The initial guess was set to the measured values for the joint positions and velocities, 1% for all activations and excitations, and 0 for the controls corresponding to the generalized forces related to the pelvis DoFs. Weighting factors were set to wM = 30 (except for the foot markers for which wM = 50 to ensure the correct position of the contact point), we = 1, wR = 0.05, and wL = 1. These weighting factors were adjusted empirically to set values around 1, in order to ensure optimization convergence and produce simulation results close to the experimentally measured data.


The previously defined method was evaluated on a dataset of emulated equinus gait. All data were recorded on a healthy volunteer (male, 35 years old, 165 cm, 66 kg) without any neuro-orthopedic conditions. This participant gave written informed consent prior to his inclusion and the protocol was conformed to the Declaration of Helsinki and approved by the National Research Ethics Committee of Luxembourg (201805/01).

The 3D trajectories of 26 reflective cutaneous markers (bilateral iliac anterior and posterior spines, right leg great trochanter, medial and lateral femoral epicondyles, peroneal head, tibial tuberosity, medial and lateral malleoli, 1st, 2nd, and 5th proximal and distal metatarsal heads, calcaneum, completed by a four-marker cluster on the thigh and on the shank) (Figure 1) were recorded using a 10-camera optoelectronic system (OQUS-4, Qualisys AB, Sweden) sampled at 200 Hz. Markers were placed by anatomical palpation (Table 1) following the recommendation of van Sint Jan (2007) by an experienced user. GRF and moments were recorded using two side-by-side force plates (OR6-5, AMTI, USA) sampled at 2,000 Hz.
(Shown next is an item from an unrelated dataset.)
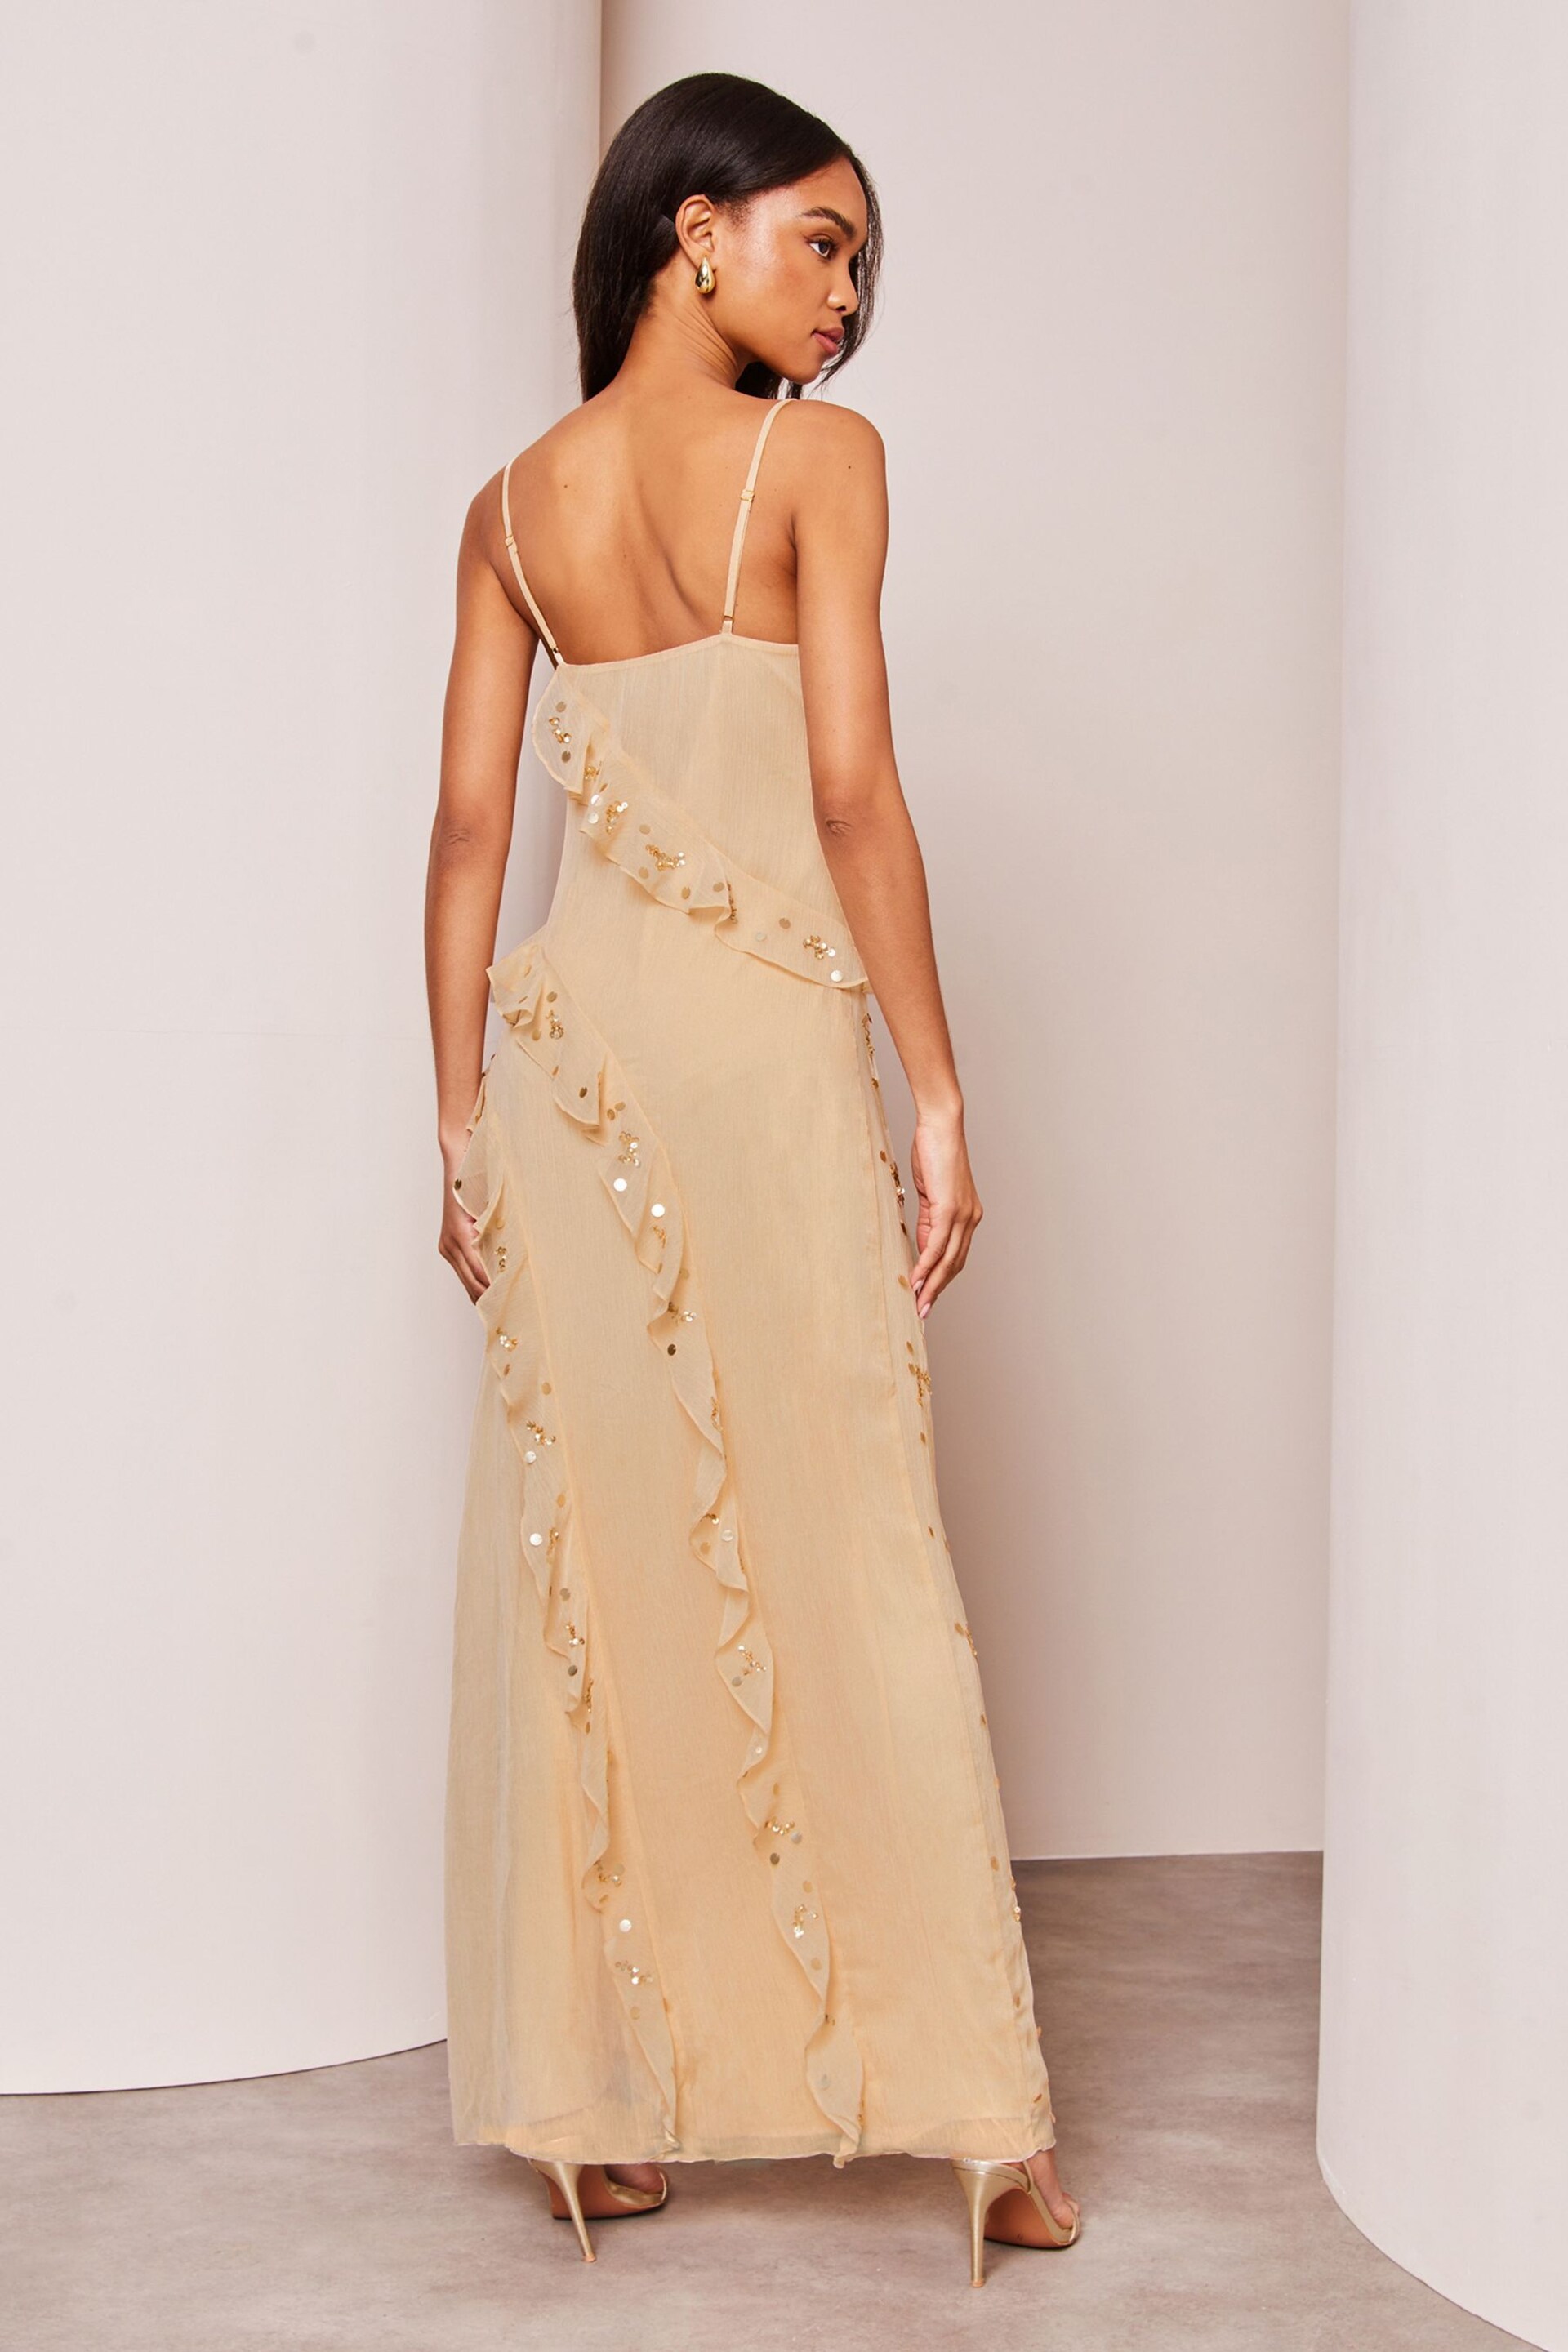 Lipsy Champagne Gold Sequin Ruffle Cami Summer Maxi Dress - Image 2 of 4

The EMG activity of nine right leg muscles (tibialis anterior, soleus, gastrocnemius medialis, vastus medialis, rectus femoris, semitendinosus, biceps femoris long head, gluteus medius, gluteus maximus) was collected with a wireless electromyographic system (DTS clinic, Noraxon, USA) sampled at 2,000 Hz. The EMG surface electrodes were placed following the recommended standard of the Surface EMG for a Non-Invasive Assessment of Muscles (SENIAM) project (Hermens et al., 2000).
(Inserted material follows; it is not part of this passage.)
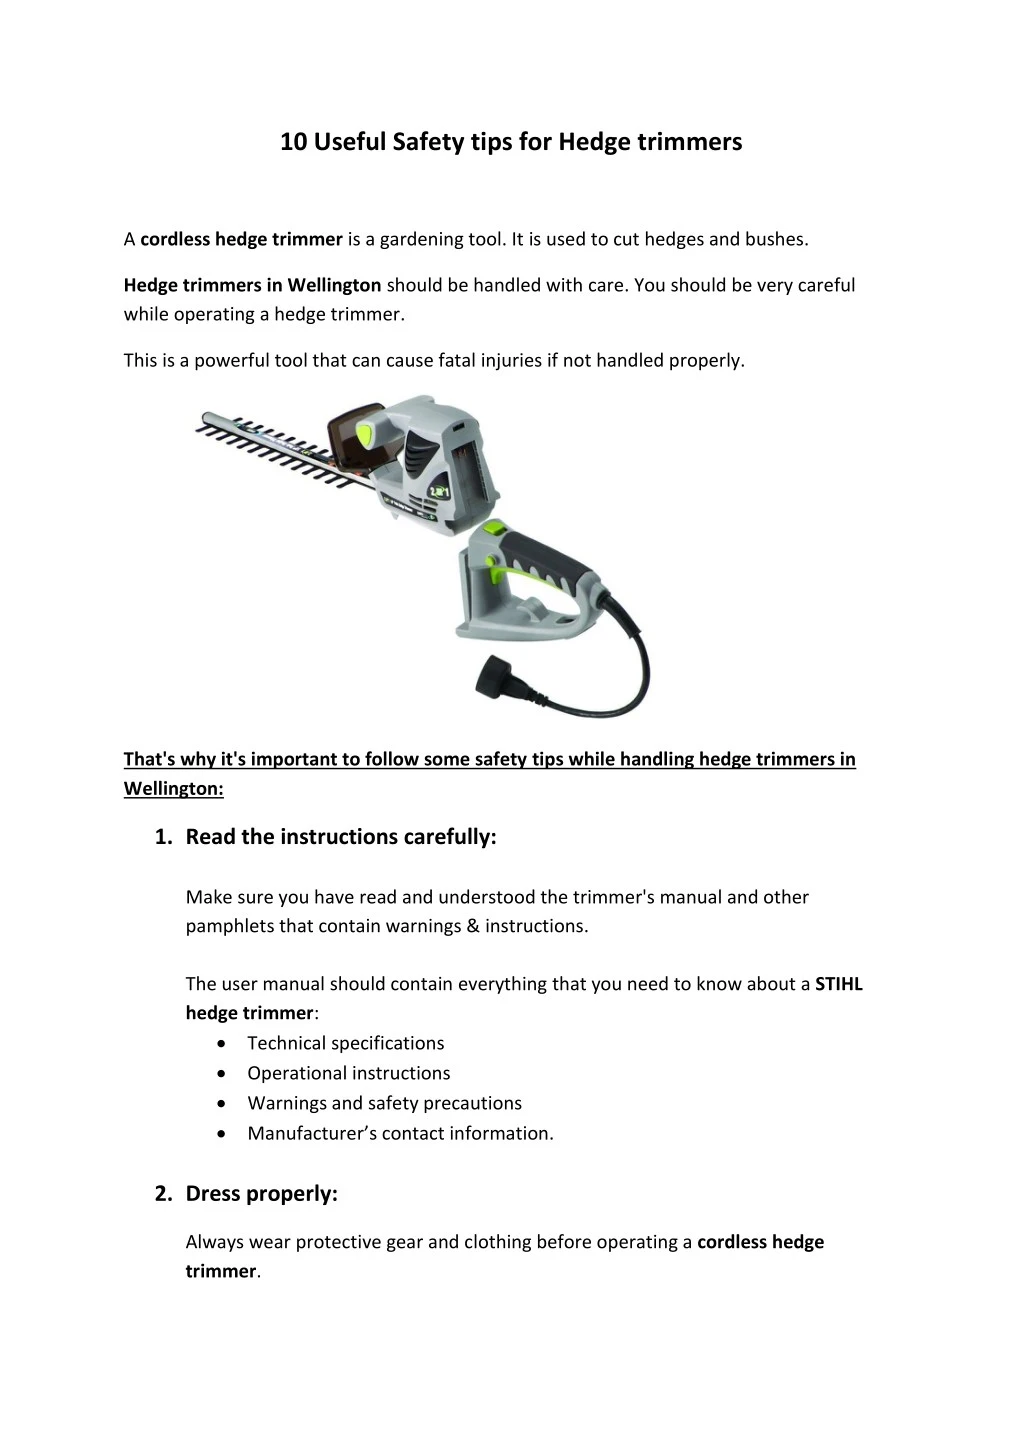 10 useful safety tips for hedge trimmers

All data were imported under Matlab (R2018a, The MathWorks, USA) using the ezc3d package ( Marker trajectories were interpolated when necessary using a cubic spline and smoothed by a 4th order low-pass Butterworth filter with a cutoff frequency of 6 Hz. Generalized kinematics (q,q,q¨) were computed using an extended Kalman filter (Fohanno et al., 2014) following the segmental coordinate systems defined in the original generic three-dimensional lower limb musculoskeletal model [Lower Extremity Model, OpenSim (Delp et al., 1990)]. GRF were smoothed by a 4th order low-pass Butterworth filter with a cut-off frequency of 15 Hz. Raw EMG signals were band pass filtered (4th order) between 30 and 300 Hz, rectified, and EMG envelops were obtained by a 4th order low-pass Butterworth filter with a cut-off frequency of 25 Hz. EMG envelops were then normalized to their respective maximal voluntary activation (Gaudet et al., 2018).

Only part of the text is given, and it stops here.